Zu Beginn des Jahres 1923 stand das Leben in Berlin ganz im Zeichen einer Hyperinflation. Dinge des alltäglichen Bedarfs kosteten plötzlich Millionen, bald Milliarden. Die Inflation hatte bereits während des Ersten Weltkriegs begonnen. Doch jetzt, kurz nach Neujahr 1923, explodierten die Preise förmlich. Kaufleute mussten extra Räume anmieten, nur um die schieren Massen von Papiergeld irgendwo unterzubringen.

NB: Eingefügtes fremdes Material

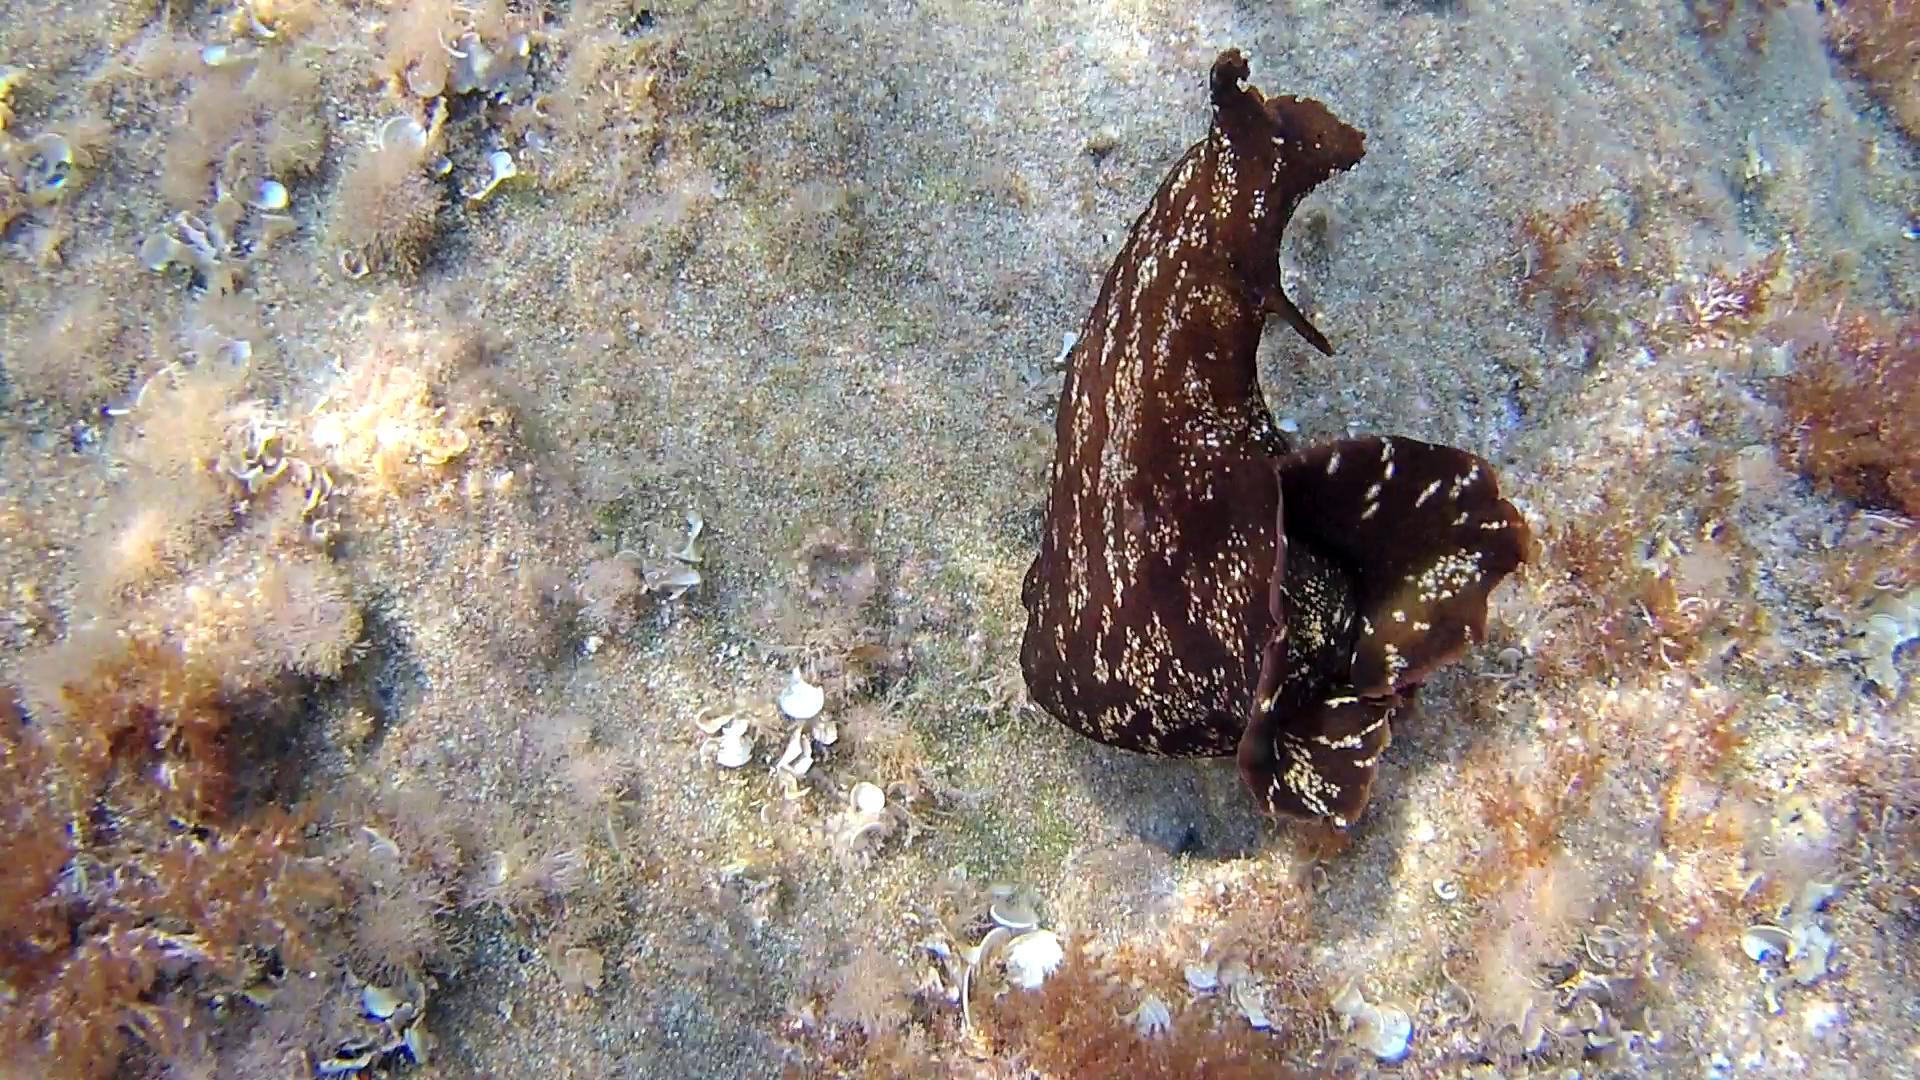 Lepre marina - Aplysia depilans - Depilatory sea hare - Ballerina spagnola del Mediterraneo - intotheblue.it

Und genau in dieser Zeit der Hyperinflation wurde Ursula Meyer in Berlin geboren: am 1. Februar 1923. Ihr Vater starb bereits im Oktober 1924. Mutter Thea (geb. Goldberg) heiratete 1929 Hans Lewy. Ursula Meyer nahm den Namen ihres Stiefvaters an und hieß nun Ursula Lewy. In Berlin-Charlottenburg besuchte sie die Grundschule und schließlich das Gymnasium.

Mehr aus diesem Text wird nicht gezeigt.